Ele contou que devido ao câncer, a mãe possui alergias e dificuldade para respirar.

“Eles alegaram que para ela ser atendida, precisaria ir para uma UPA (Unidade de Pronto Atendimento), para encaminhar de lá. Quando eu fiz o acionamento da Samu (Serviço de Atendimento Médico de Urgência), a Samu chegou, e a saturação dela estava em 75, ela estava debilitada, já praticamente apagada em cima de uma cadeira de rodas, e eles se negando ao atendimento.”

O estudante explicou que a mãe tem toda a documentação da Unacon, e questionou ao hospital se eles poderiam se negar a prestar os primeiros socorros a um paciente daquela forma. Ainda assim, a equipe informou que a unidade não era porta aberta.

“O que eu poderia fazer era encaminhar para uma UPA. Nós a levamos para Unidade de Humildes, que foi onde conseguimos uma vaga, e ela se encontra agora na sala vermelha, em estado gravíssimo.”

O estudante de Psicologia justificou ainda que não tinha o conhecimento de que não poderia levar a mãe para a Unacon, uma vez que há dois anos, na mesma situação, foram para a unidade e foram recebidos.

“Quem toma conta de minha mãe, quem resolve tudo pra ela sou eu. Eu sou o acompanhante dela em todos os lugares que ela precisa ir.

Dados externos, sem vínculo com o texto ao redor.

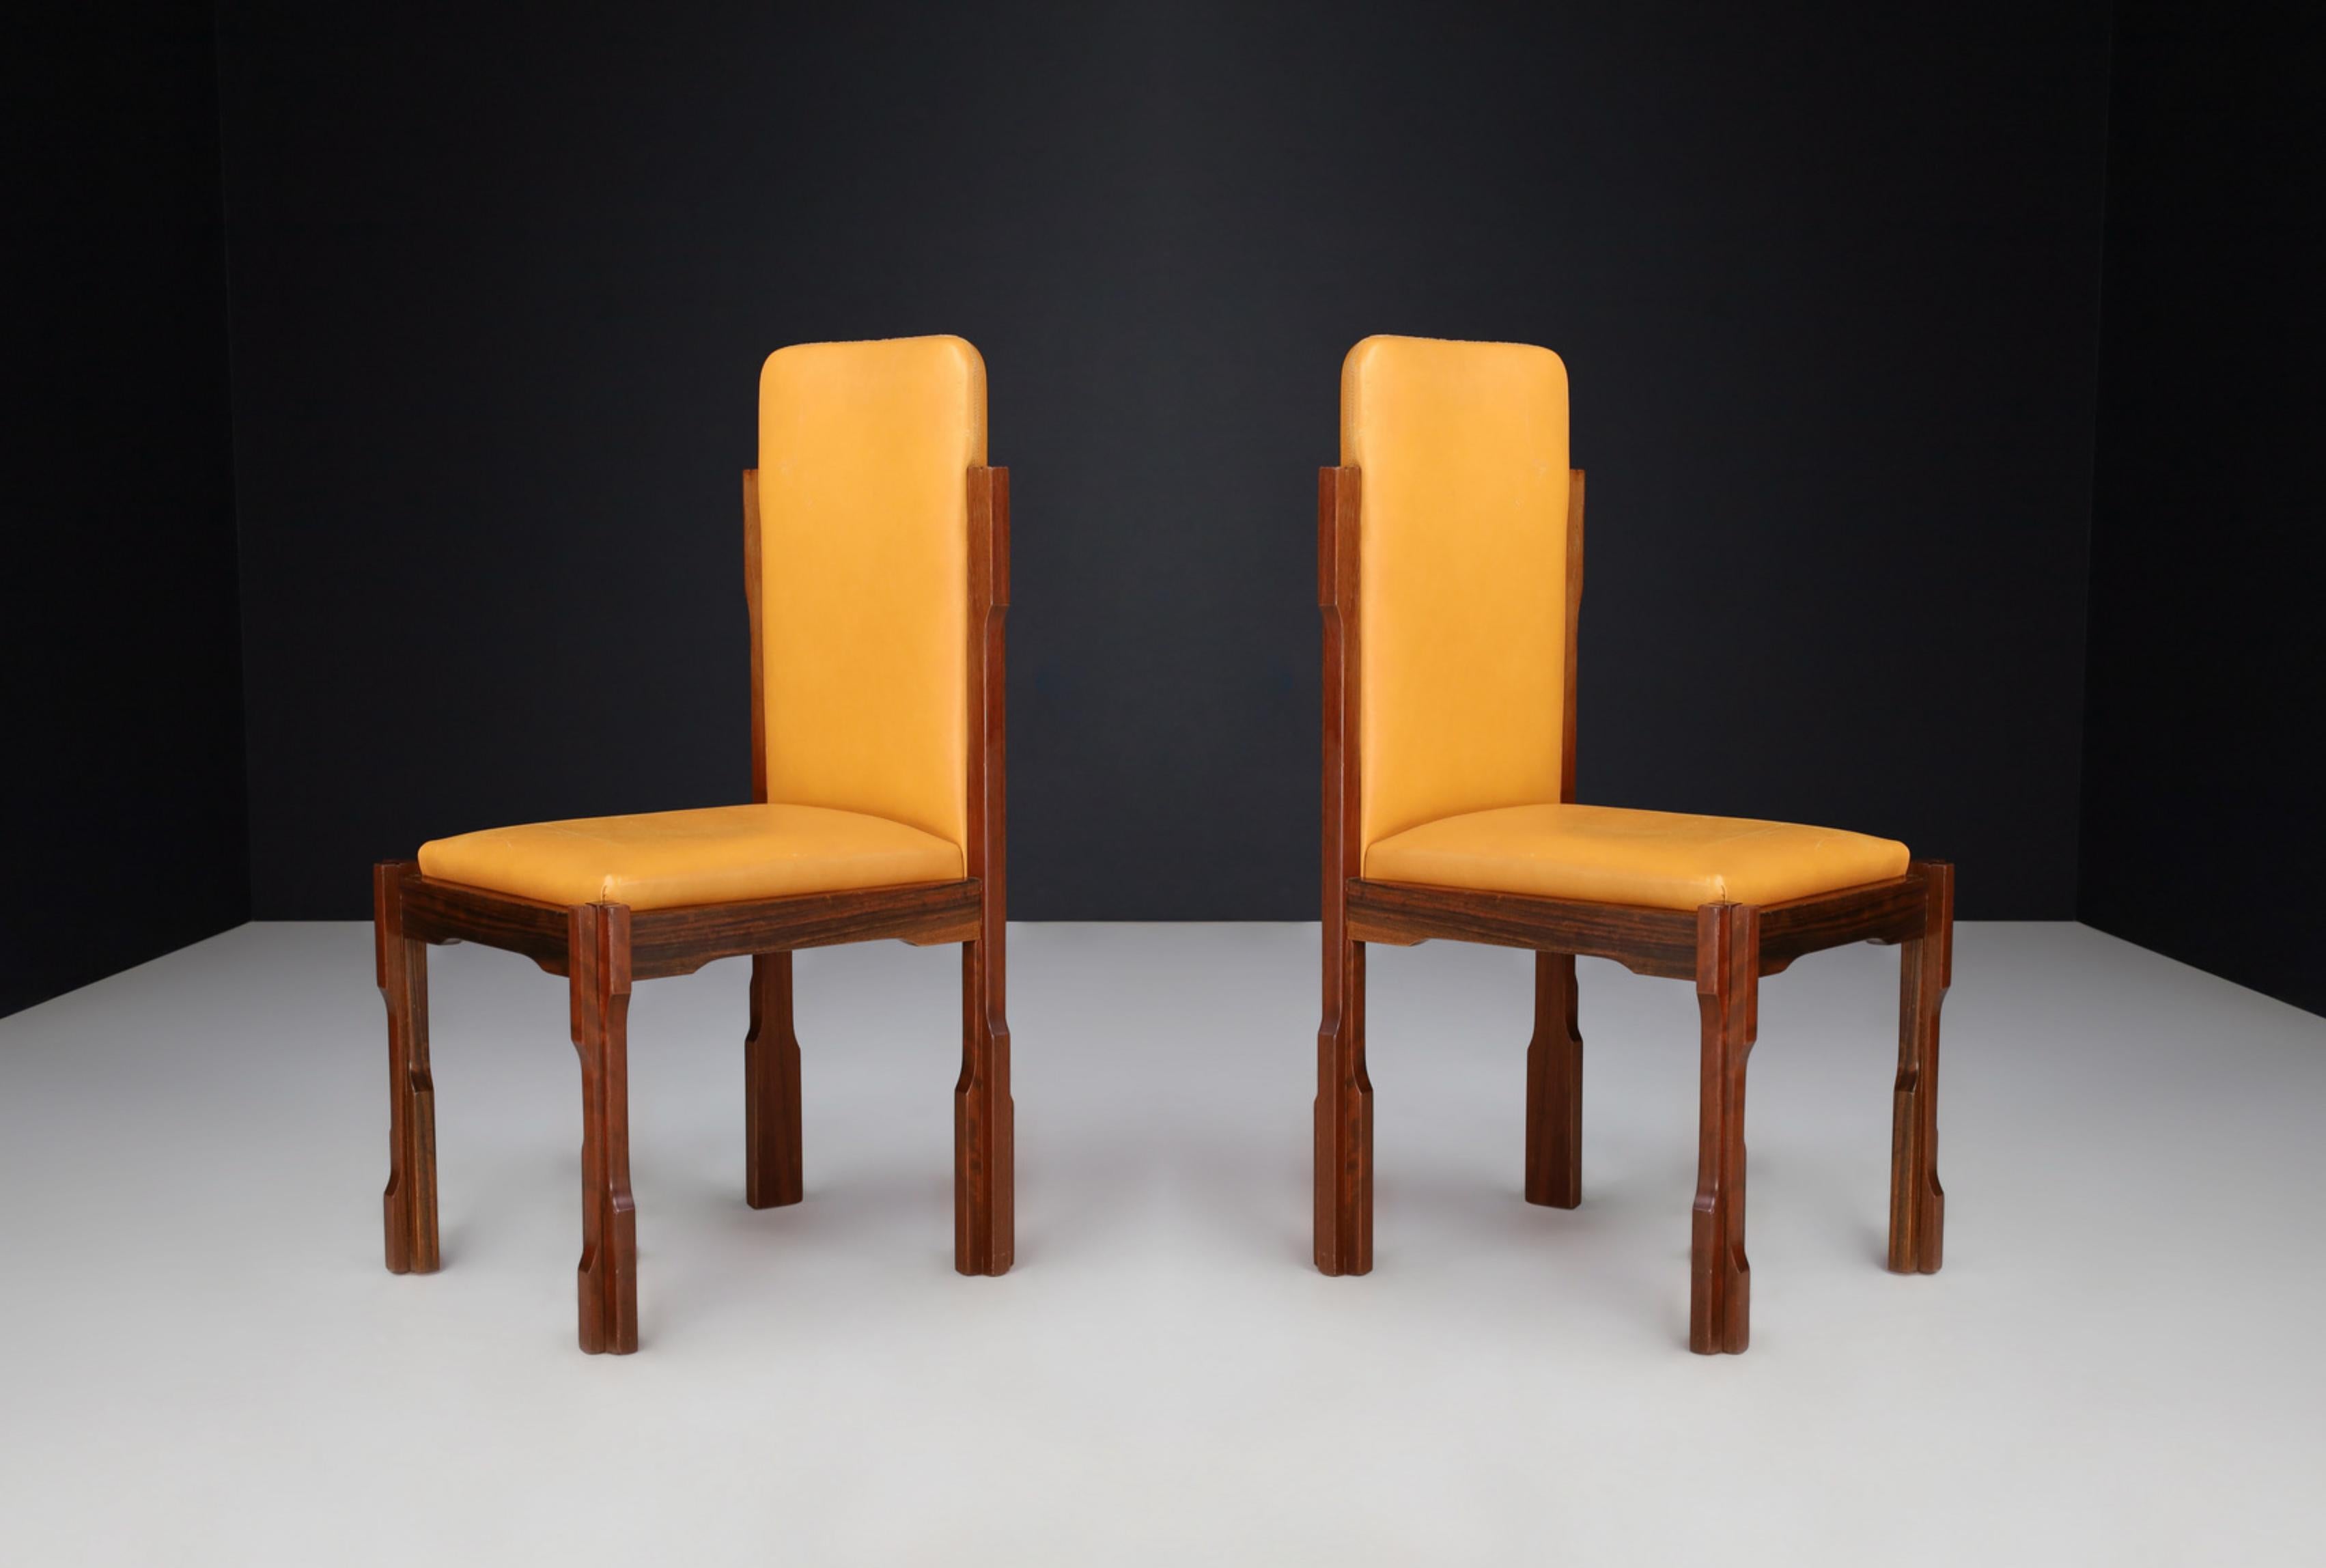 Brutalist Luciano Frigerio Walnut and Leather Desk Chairs, Italy 1970s  For Sale

Ela não pode andar só. Ela ficou internada 15 dias na UTI, quem ficou acompanhando fui eu, lá no Dom Pedro, há dois anos. E agora, quando ela voltou, se negaram ao atendimento”, lamentou.

Alan Dantas acrescentou que o Samu prestou todo o atendimento necessário, assim como a Upa de Humildes. “Se não fosse o Samu, ela não estaria viva, que ela já chegou lá quase indo a óbito, mas a médica atendeu rápido e diante do atendimento ela voltou a melhorar ali nos balões de oxigênio.”

O que diz a Unacon

Em nota enviado ao Acorda Cidade, a Unacon esclareceu que HDPA é referência para o atendimento de urgências e emergências oncológicas dos pacientes que se encontram em tratamento ativo na instituição. Confira o esclarecimento na íntegra:

“A Santa Casa de Feira de Santana, mantenedora do Hospital Dom Pedro de Alcântara e da Unidade de Alta Complexidade em Oncologia (Unacon), informa que tomou conhecimento do caso divulgado pelo Acorda Cidade, sobre a Sra. identificada pelas iniciais E.S.P., e realizou a devida verificação dos registros assistenciais.

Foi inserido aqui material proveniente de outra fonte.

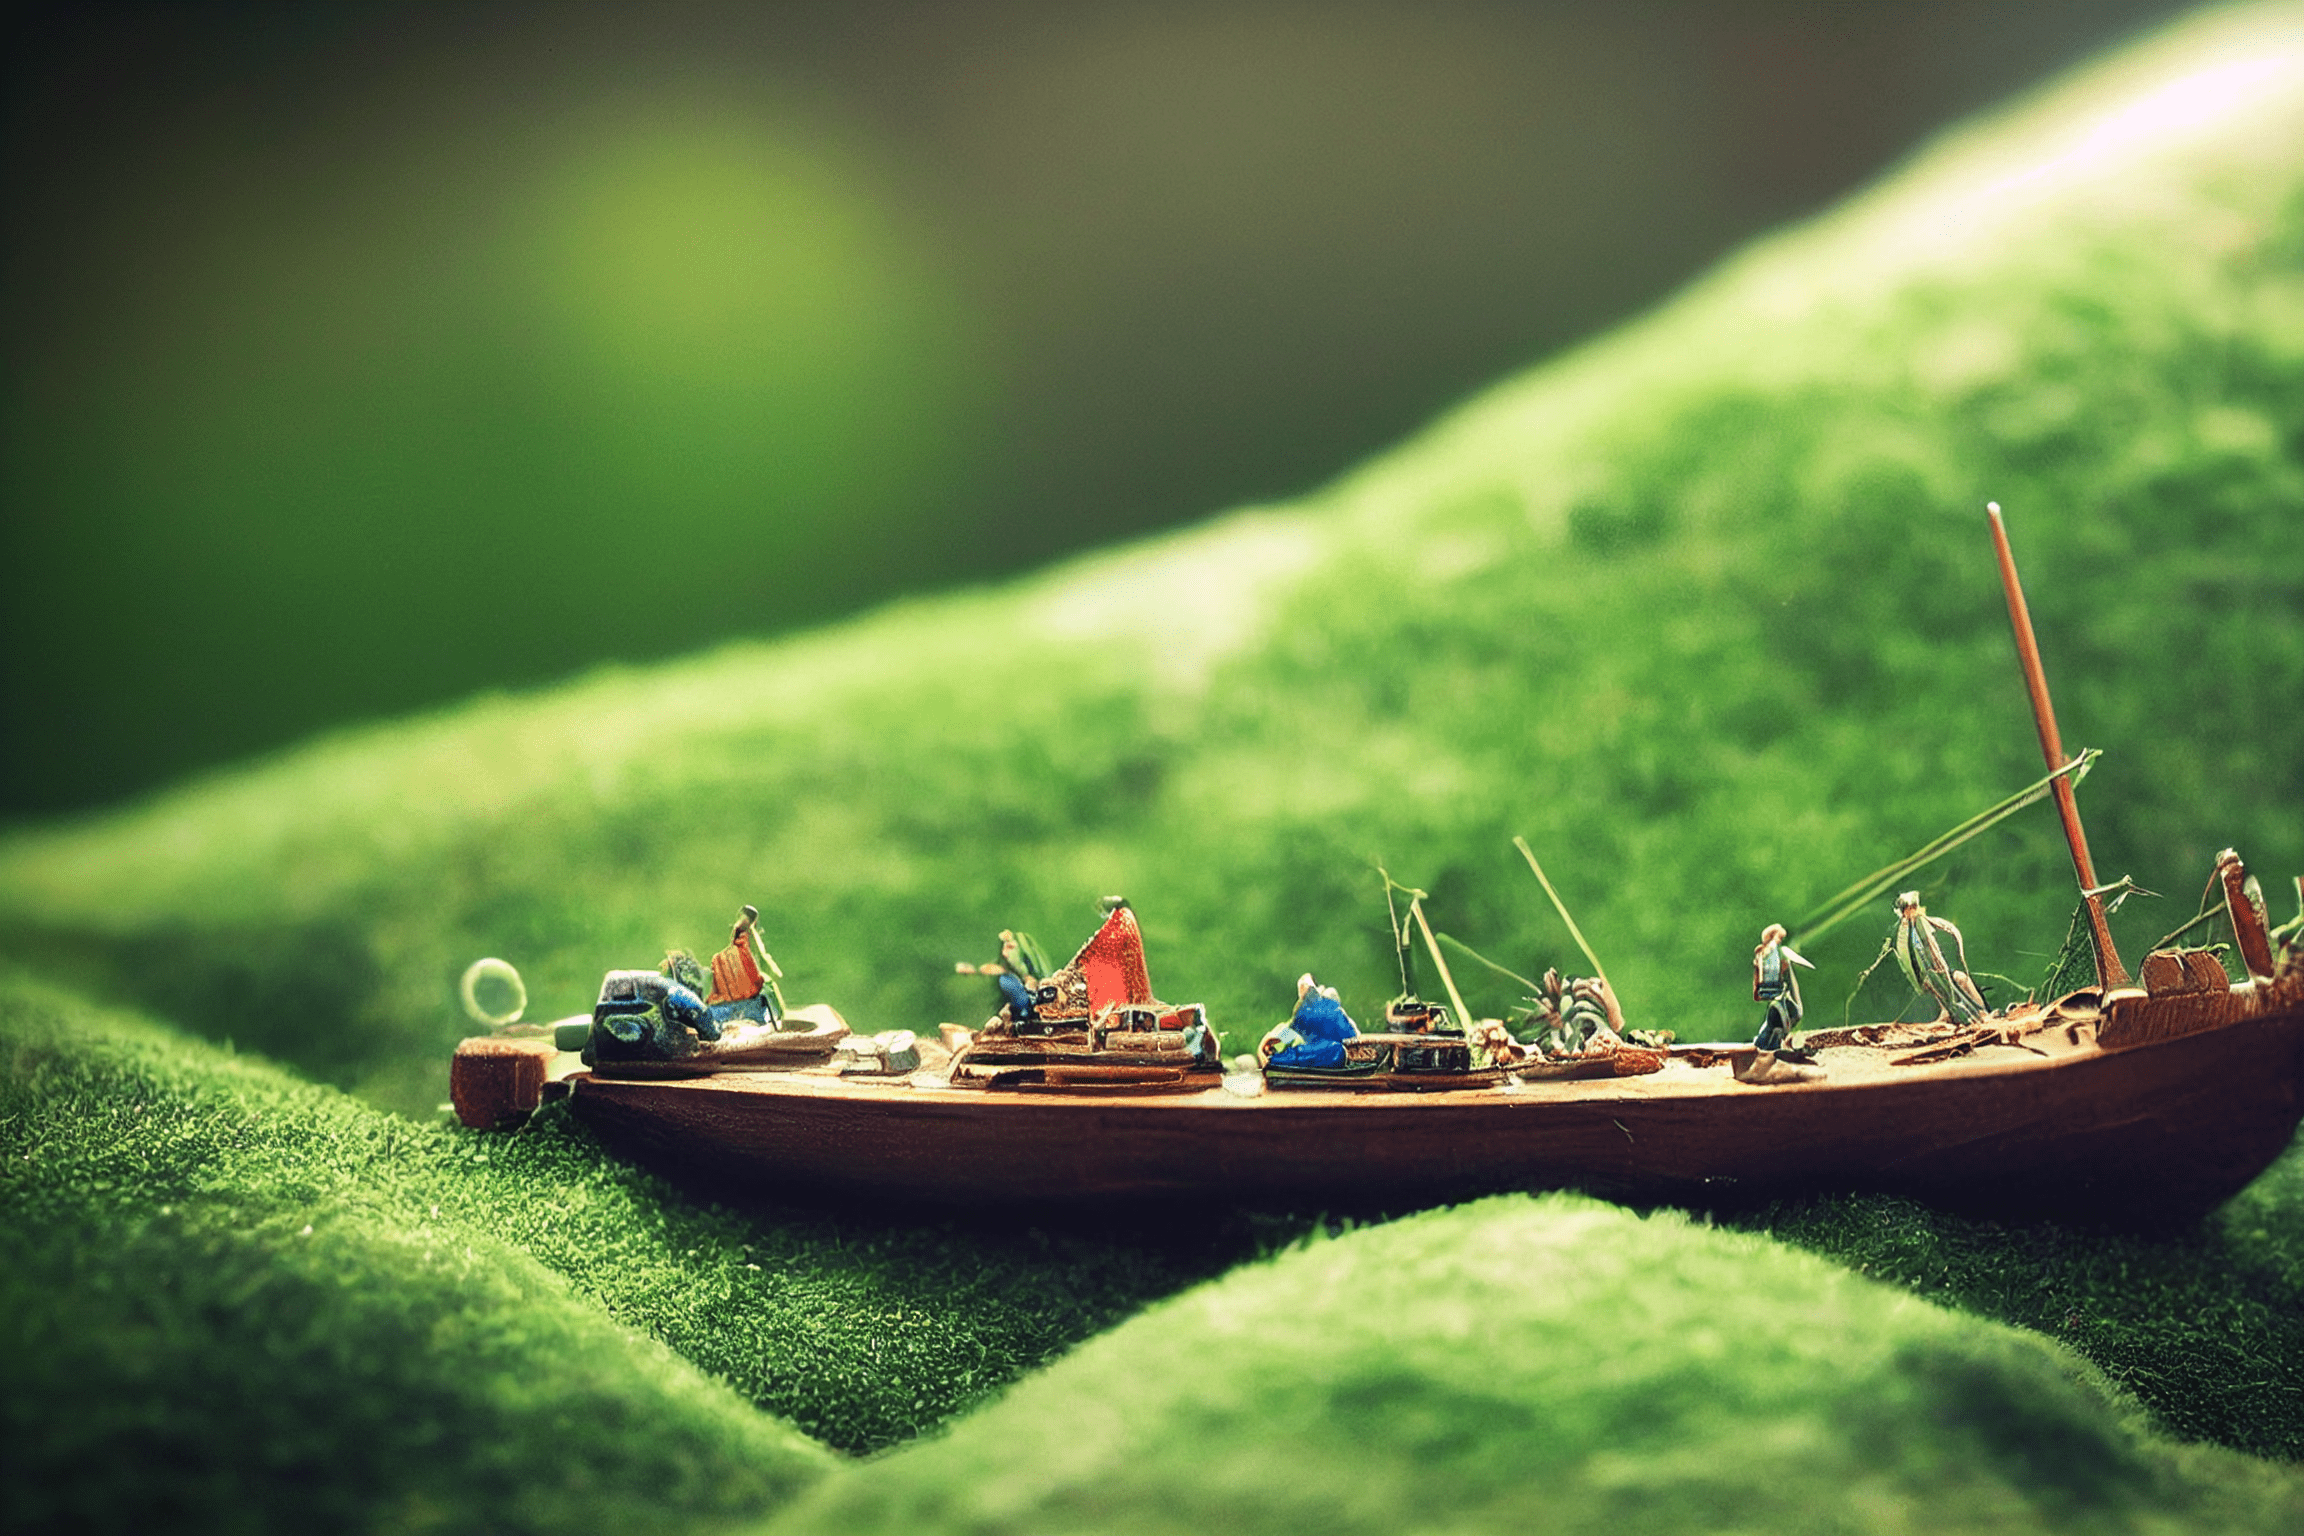 Way back a year ago – Cabincore miniature boat on a green sea

O Hospital Dom Pedro de Alcântara é referência para o atendimento de urgências e emergências oncológicas dos pacientes que se encontram em tratamento ativo na instituição, conforme critérios clínicos e protocolos assistenciais. O caso mencionado, entretanto, não se enquadra atualmente nessa hipótese.

Em respeito ao sigilo médico, à privacidade da paciente e à Lei Geral de Proteção de Dados Pessoais, a Santa Casa não divulgará publicamente informações sobre diagnóstico, histórico clínico, atendimentos ou tratamentos realizados. Os esclarecimentos pertinentes serão prestados diretamente à paciente, ao seu representante devidamente autorizado ou às autoridades competentes, pelos canais institucionais adequados.

Nas situações que não estejam relacionadas a intercorrências decorrentes de tratamento oncológico ativo, a orientação é procurar uma unidade da rede de urgência e emergência, como as Unidades de Pronto Atendimento (UPAs), onde será realizada a avaliação inicial e definida a conduta assistencial mais adequada.

A Unacon de Feira de Santana realiza mais de 4 mil atendimentos por mês, assistindo pacientes do município e de mais de 70 cidades da macrorregião centro-leste da Bahia. Integrada ao Hospital Dom Pedro de Alcântara, oferece uma linha de cuidados que inclui consultas, exames, tratamentos e suporte às intercorrências oncológicas, de acordo com a indicação clínica e os protocolos aplicáveis.

Com atuação histórica na assistência oncológica, a Santa Casa de Feira de Santana reafirma seu compromisso com o acolhimento, a ética, a segurança do paciente e a prestação de um cuidado qualificado e humanizado, preservando os direitos individuais e observando rigorosamente as normas que regem a assistência à saúde.”

Com informações do repórter Ed Santos, do Acorda Cidade.